Tre storie di Italiani

I wrote this last year and it’s incredibly relevant also today. As an immigrant I often dream of going back ‘home’ to Italy while at the same time Italy’s current status saddens me hugely.

Da immigrata che non vive in Italia mi unisco al rumore e all’inchiostro di questi giorni raccontando tre storie.
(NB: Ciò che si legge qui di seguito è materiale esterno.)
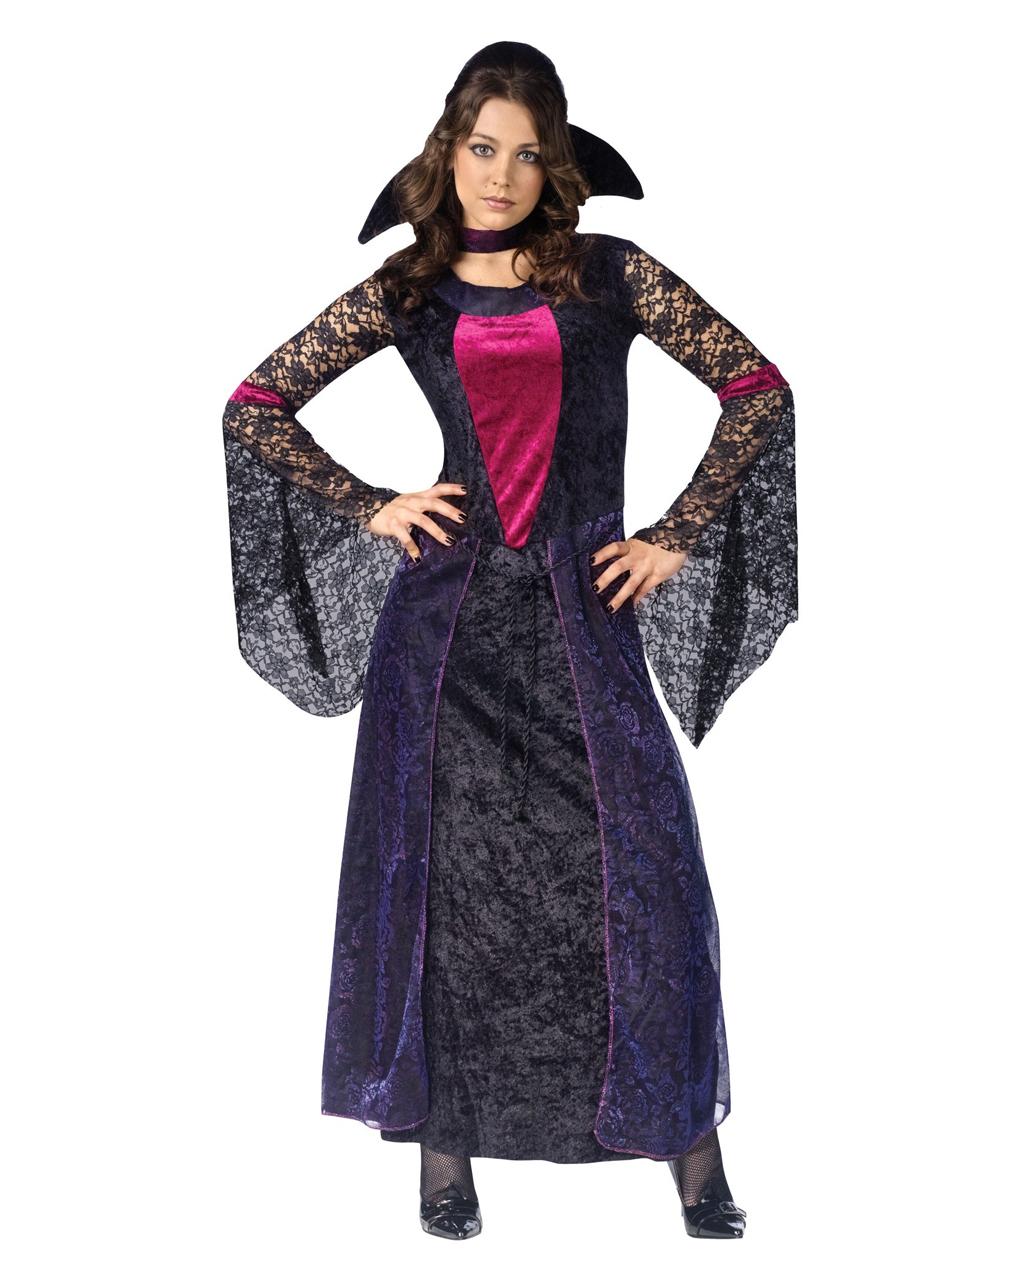 Halloween Costume 38.Vamptessa Costume 36 38 Sm
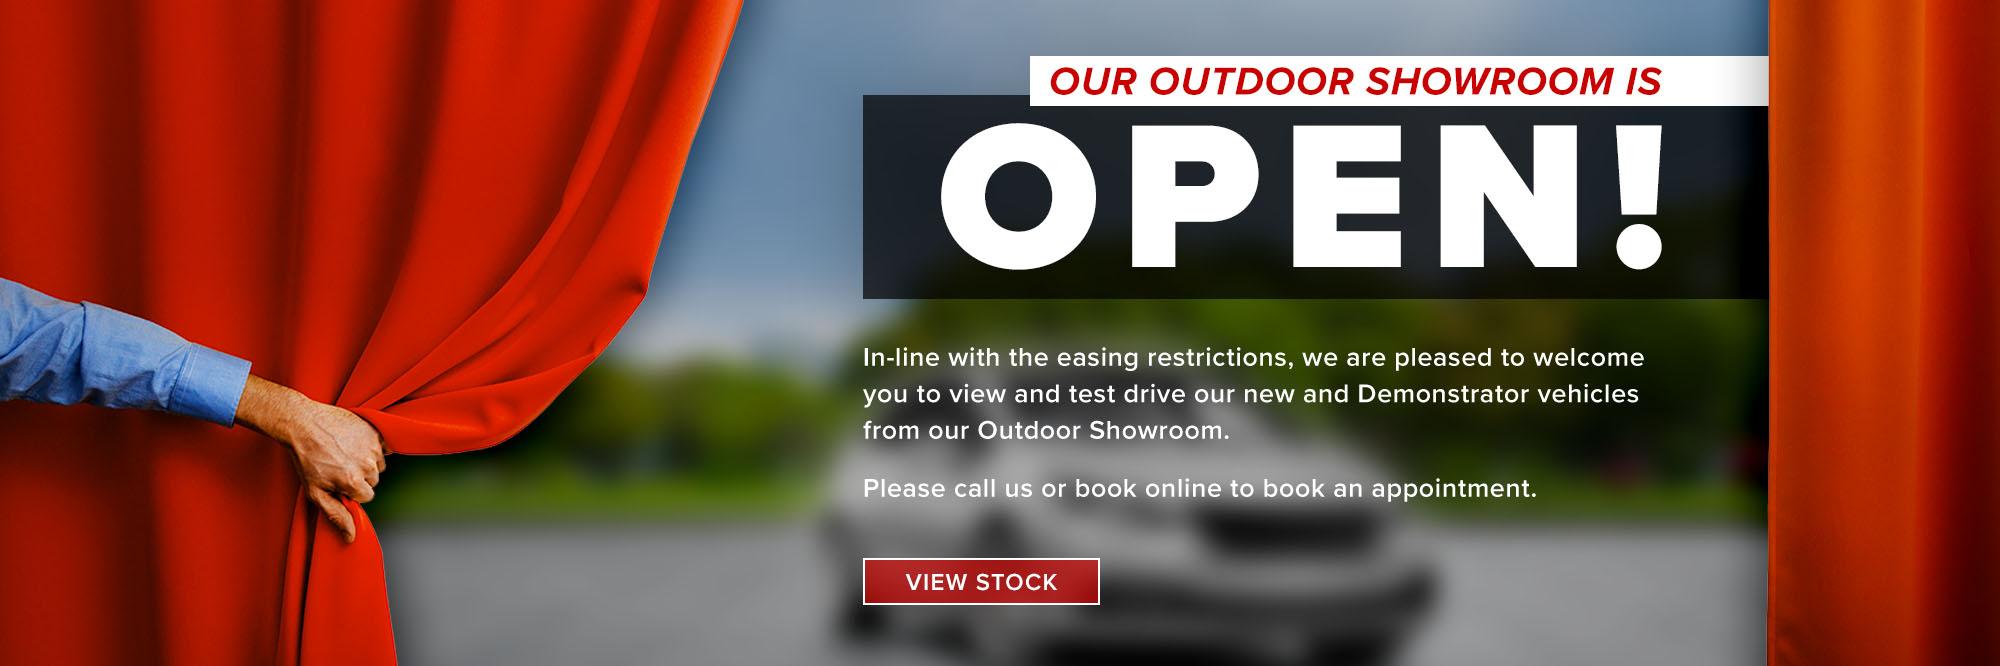 Our outdoor showroom is open. View stock.

* Sasha è il carpentiere che sta cambiando le porte del mio appartamento. L’ho incontrato per la prima volta venerdì a casa da me, silenzioso lavorava ad una porta mentre io parlavo con gli altri muratori. Dopo un po’ che mi guardava mentre ero lì in giro mi ha chiesto di dove fossi. Qualcosa nei suoi occhi mi ha fatto pensare che lo sapesse già ‘Guess’ gli ho risposto io, indovina. Lui sicuro mi dice in Italiano ‘Tu sei Italiana’. YaY risposta esatta! Mi racconta allora che lui è vissuto a Perugia per 13 anni, viene dalla Moldova e a lui l’Italia ‘piace da morire’, l’Italia è bellissima mi dice ‘la gente in Italia è eccezionale’, tutti l’hanno sempre trattato benissimo, si stava bene, poi nel 2011 c’è stata la crisi e allora non hanno iniziato a pagarlo più regolarmente, ‘mi hanno sempre pagato tutto alla fine’ ci tiene a specificare ‘pero’ sai magari ogni due o tre mesi’ e allora alla fine è venuto qua. ‘Ma come vita in Italia… è bellissimo’ Mi chiede se studio (God bless him), di dove sono, guardiamo insieme su google maps dove è la Moldova perché ahimè non lo so, tra la Romania e all’Ucraina, lui quindi parla Russo ma è portato per le lingue e parla benissimo l’Italiano, mi chiede cosa faccio ‘Ma tu perché sei qui?’ vuole sapere, ‘Tu sei Italiana, perché sei qui?’. Nei suoi occhi l’amore e la nostalgia per l’Italia sono palpabili. Mi racconta che in Italia andava al mare, che aveva tanti amici e qui si sente come un robot, che si alza la mattina lavora, va in palestra e torna a casa e gli inglesi sono un po’ strani. Sfodero il mio ottimismo per dirgli che in 50min si va a Brighton da qui, non c’è mai stato, certo l’acqua è freddina ma è pur sempre mare e si vede il fondo lo rassicuro. Non convinto affatto Sasha mi dice che lo posso chiamare Alessandro. Poi mi aiuta e traduce la miriade di domande che ho per gli altri muratori che sono tutti polacchi con cui non sempre riesco a comunicare. Grazie gli dico io ‘sai non è sempre facile farsi capire’ ‘ma figurati’ mi risponde.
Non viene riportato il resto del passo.